For Processing of more Sensitive Personal Data the Company will rely on either:

·                     consent; or

·                     that use of Sensitive Personal Data is necessary for the establishment, exercise or defence of legal claims, or whenever courts are acting in their judicial capacity (for example, when a court issues a court order requiring the Processing of Personal Data).

Processing of Personal Data relating to criminal convictions and offences is subject to the requirements of applicable law.

10.               Monitoring

The Company may record telephone calls with employees so that the Company can:

·                     improve the standard of service that the Company provide by providing employees with feedback and training, where applicable;

·                     address queries, concerns or complaints;

·                     prevent, detect and investigate crime, including fraud and money laundering, and analyse and manage other commercial risks; and

·                     comply with the Company’s legal and regulatory obligations.

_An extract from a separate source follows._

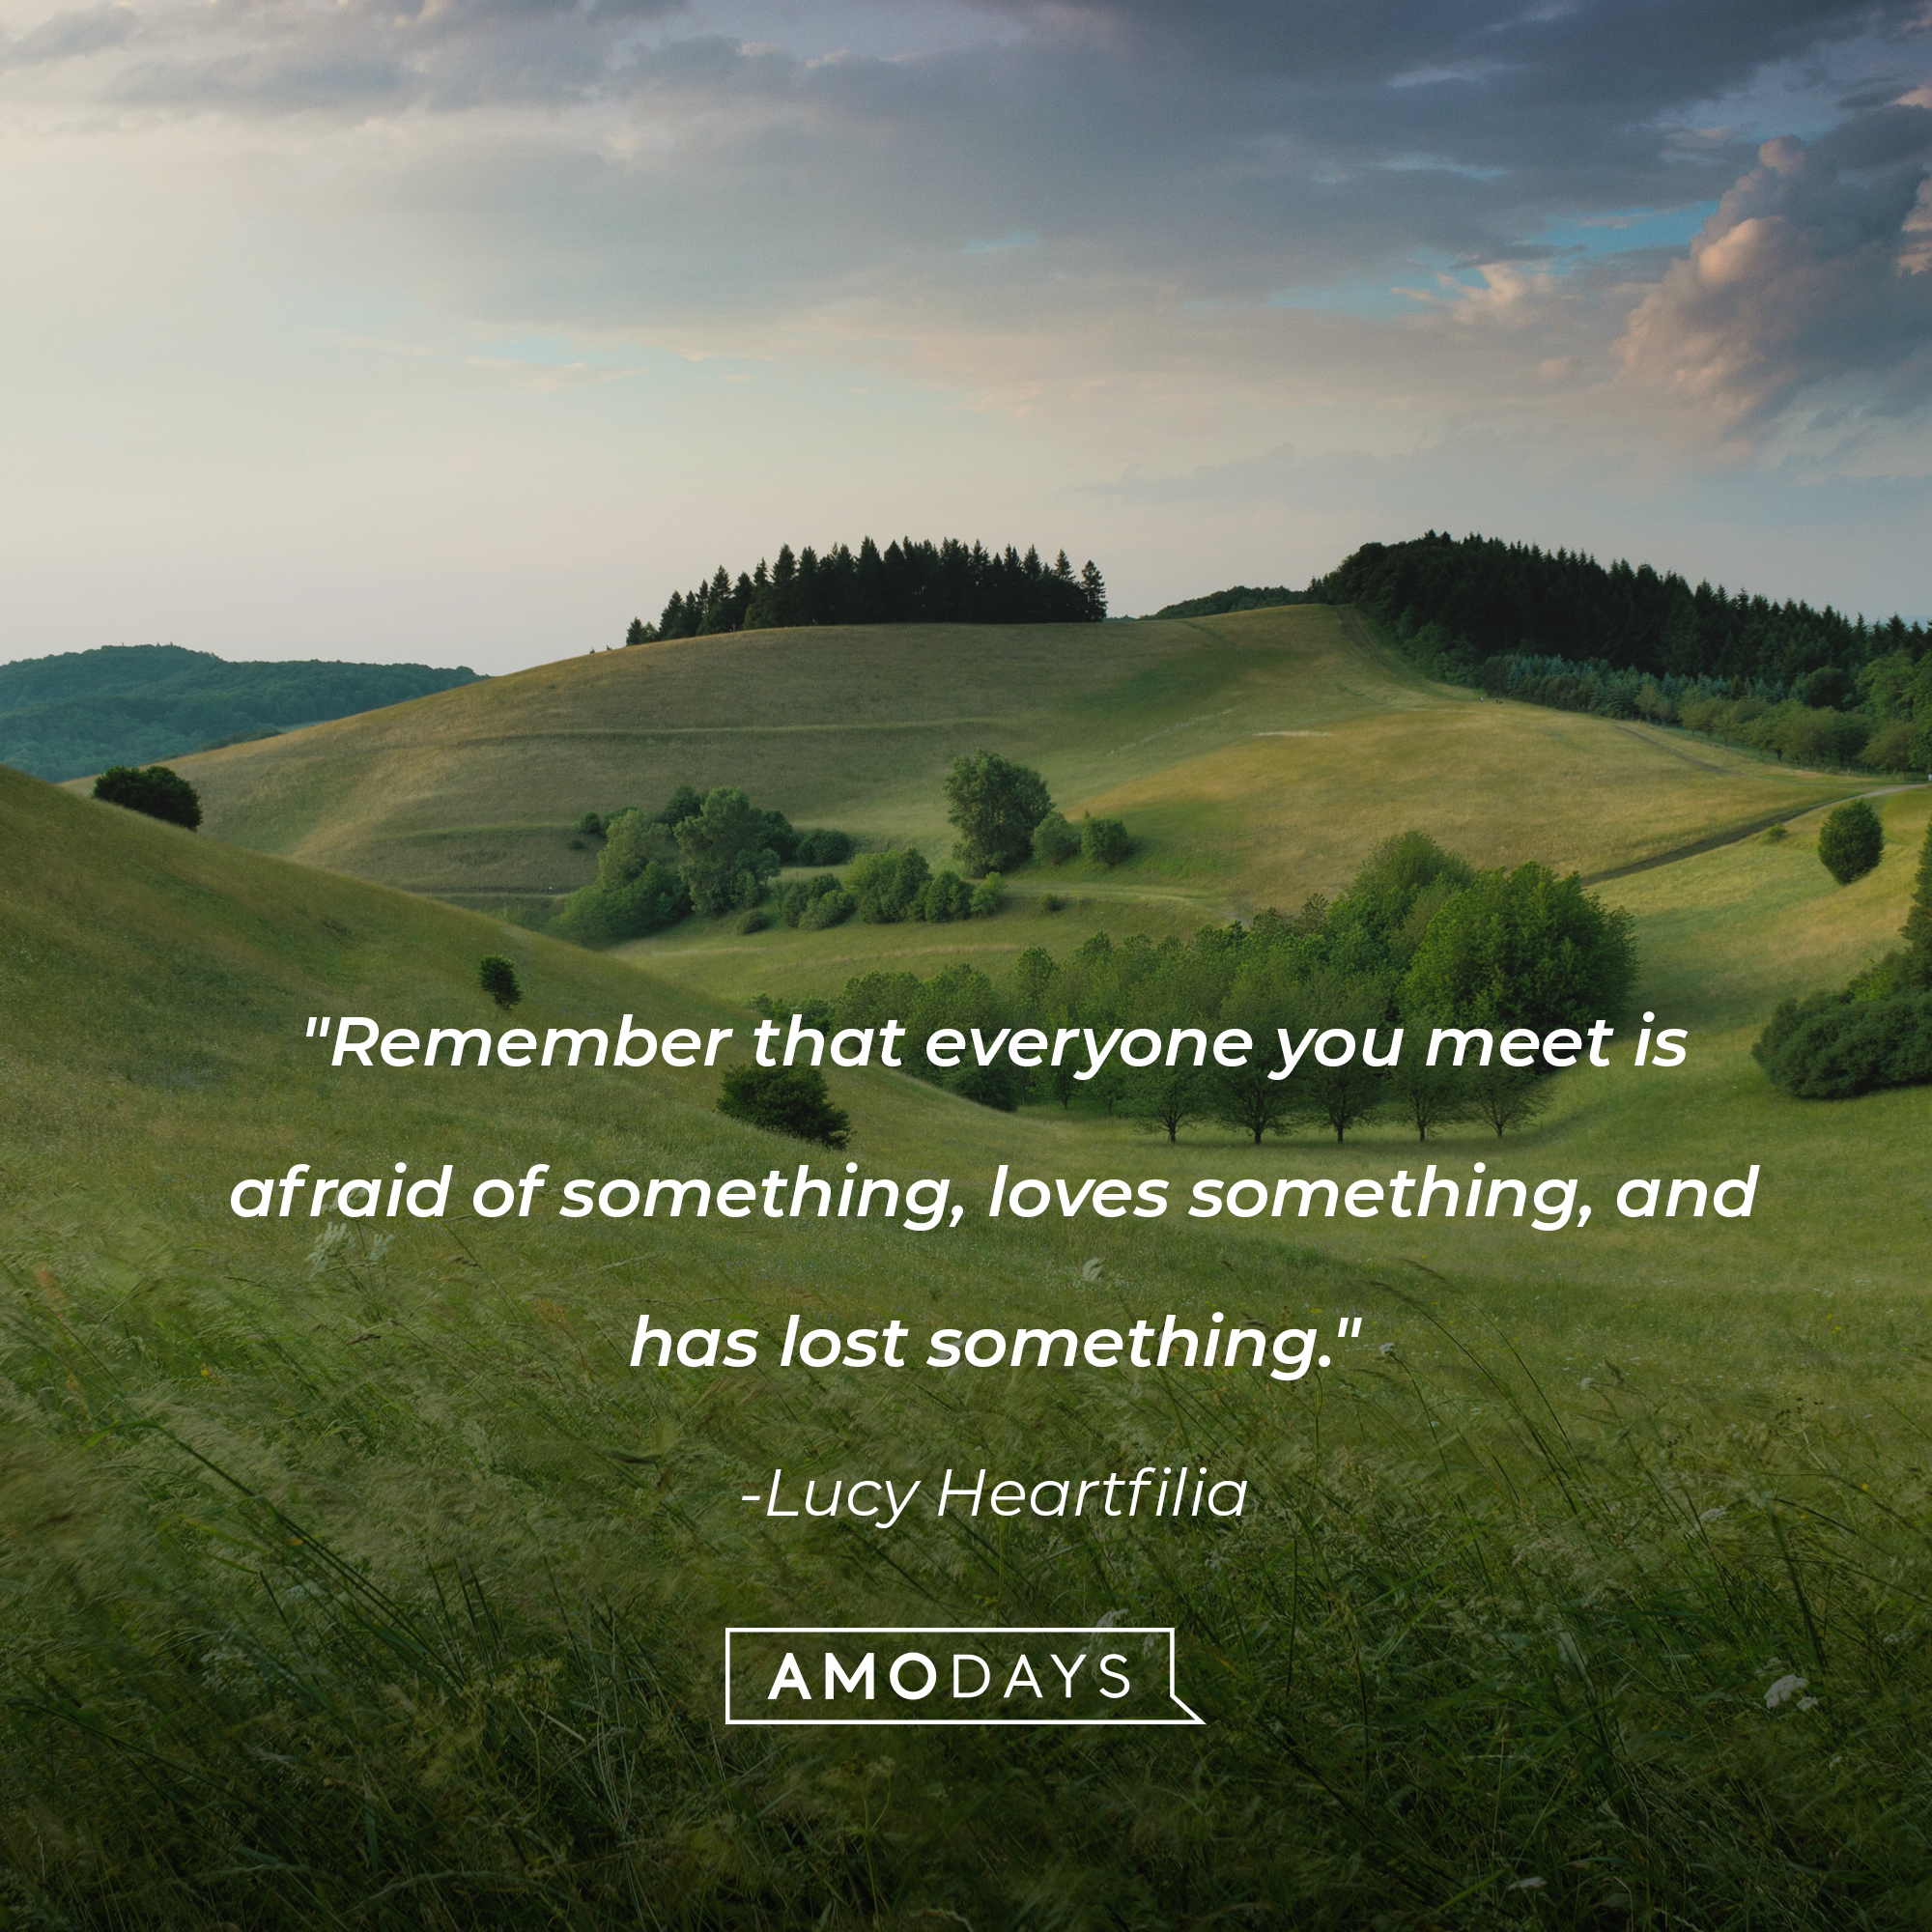 Lucy Heartfilia's quote: "Remember that everyone you meet is afraid of something, loves something, and has lost something." | Image: Unsplash

In addition, the Company monitor electronic communications between the Company and employees (for example, emails) to protect the employees, the business and IT infrastructure, and third parties including by:

·                     identifying and dealing with inappropriate communications; and

·                     looking for and removing any viruses, or other malware, and resolving any other information security issues.

The use of CCTV involves Processing of Personal Data. Further information on how the Company Process Personal Data using CCTV is set out in Schedule 6.

11.               Retention of Personal Data

The Company will keep Personal Data for as long as is necessary for the purposes for which the Company collects it. This mean the Company will retain Personal Data for so long as the Company has a relationship with the individual to whom the Personal Data relates. Once this relationship comes to an end the Company will retain such Personal Data for a period of time that allows it to: (a) comply with legal record retention requirements; (b) defend or bring legal claims; (c) maintain records for business analyses and audit; and (d) address complaints and other issues regarding its business.

Where the Company holds Personal Data to comply with a legal or regulatory obligation, the Company will keep the information for at least as long as is required to comply with that obligation. In some cases a retention period will apply once the initial purpose has ceased e.g. payroll files are required to be kept for current year plus 6 years.

Where the Company holds Personal Data in order to provide a product or service, the Company will keep the information for at least as long as the Company provides the product or service, and for a number of years thereafter.  The number of years varies depending on the nature of the product or service provided.

The Company endeavours to ensure that Personal Data will only be kept which is relevant and not excessive to achieve the purposes for which it is being held.  Personal Data will be deleted once that purpose is achieved or it is no longer required as set out

For further information about the period of time for which the Company retains Personal Data, please contact the Company using the details in Schedule 8.

12.               Personal Data Rights

Schedule 7 sets out a summary of the data protection rights available to individuals in the EEA in connection with their Personal Data. These rights may only apply in certain circumstances and are subject to certain legal exemptions.

To exercise any of these rights, please contact the Company using the details set out in Schedule 8.

13.               Who to contact about Personal Data

For any questions or concerns about the way the Company uses Personal Data, please contact the Company at the email address in Schedule 8.

14.               Review and Revision

The Company review this Privacy Policy regularly and reserve the right to make changes at any time to take account of changes in the business, legal requirements, and the manner in which the Company process Personal Data. This Privacy Policy was last updated on the date indicated on page 1. The Company may review this policy and make changes from time to time.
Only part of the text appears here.